The typical age of onset is between 20 and 30 years, with a smaller peak around 50 years, leading to a median onset age of 30.[28] About 20 to 25% of patients presenting with inflammatory bowel disease are children under 18 years old, while 80% are adolescents. Additionally, the incidence of Crohn's disease in children is on the rise, with 2.5–11.4 new cases per 100,000 and a prevalence of 58 per 100,000.[43]

History

[edit]

Giovanni Battista Morgagni, often referred to as the father of anatomic pathology, provided one of the earliest detailed accounts of the disease in his 1761 treatise, noting specific autopsy findings in a young patient who suffered from severe gastrointestinal symptoms.[44]

The first notable series of cases of Crohn's disease was reported by Polish surgeon Antoni Leśniowski in 1903,[45] followed by Scottish surgeon Thomas Kennedy Dalziel in 1913, who described nine patients exhibiting significant pathological features treated by surgical resection. However, the disease only gained widespread recognition with a landmark 1932 article by Burrill B. Crohn, Leon Ginzburg, and Gordon D. Oppenheimer. In this publication, they introduced the term "regional ileitis" based on their observations of chronic inflammation in the terminal ileum of 14 patients.[44]

Over the following decades, Crohn's disease was recognized as affecting various parts of the gastrointestinal tract, with reports of involvement from the esophagus to the colon. This period also marked the identification of skip lesions—areas of healthy bowel between diseased sections—adding to the understanding of the disease's pathology. Public awareness of Crohn's disease increased significantly after President Eisenhower underwent surgery for the condition in 1956, which highlighted its impact on quality of life and encouraged discussions about the disease.[44]

In 1960, ulcerative colitis and Crohn's colitis were officially classified as distinct diseases, despite lingering beliefs that Crohn's disease could not manifest in the colon. During this decade, advancements such as fiberoptic colonoscopy and the capability to perform biopsies significantly enhanced the diagnosis and management of Crohn's disease, facilitating improved visualization of the gastrointestinal tract and more accurate assessments of disease severity. Subsequent decades saw the testing of various medications for Crohn's disease in clinical trials, including the identification of methotrexate's efficacy in 1989.[44]

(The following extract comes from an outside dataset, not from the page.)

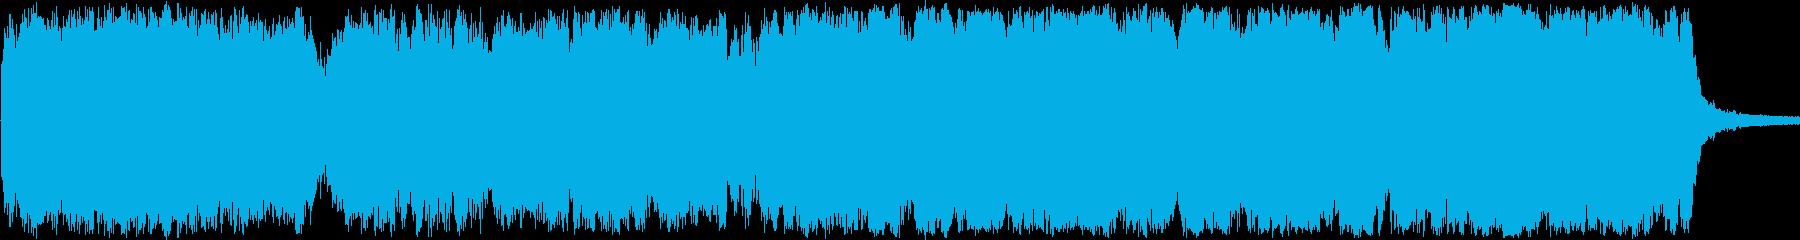 始まりを予感させる躍動的なオーケストラ曲の再生済みの波形

In the 1990s, the focus of treatment for Crohn's disease began to shift towards biologic therapies, particularly anti-TNF agents. Concurrently, nutritional therapy gained prominence in managing pediatric cases and instances of malnutrition. The introduction of MRI enterography emerged as a safe and effective method for monitoring disease activity. This was further augmented by the FDA's approval of capsule endoscopy in 2001, which allowed for improved imaging of the small intestine. Since the inception of genome-wide association studies in 2005, several genetic markers associated with Crohn's disease have been identified, contributing to a deeper understanding of the condition.[44]

Support organizations such as the Crohn's & Colitis Foundation have also emerged, providing resources and community for patients, helping to raise awareness and funding for research initiatives.[44] Today, Crohn's disease continues to be a focus of extensive research, aiming to improve treatment outcomes and enhance the quality of life for those affected.[44]

Etymology

[edit]

Crohn's disease is named after Dr. Burrill Crohn, though its eponymous association arose from complex circumstances. Initially, researchers Ginzburg and Oppenheimer identified a pattern of the disease and compiled 12 cases, all linked to surgeon A. A. Berg. However, Berg declined authorship due to his lack of prior involvement. Ginzburg and Oppenheimer then connected with Crohn, who received the manuscript, which was later published with his name listed first and two additional cases included.[44]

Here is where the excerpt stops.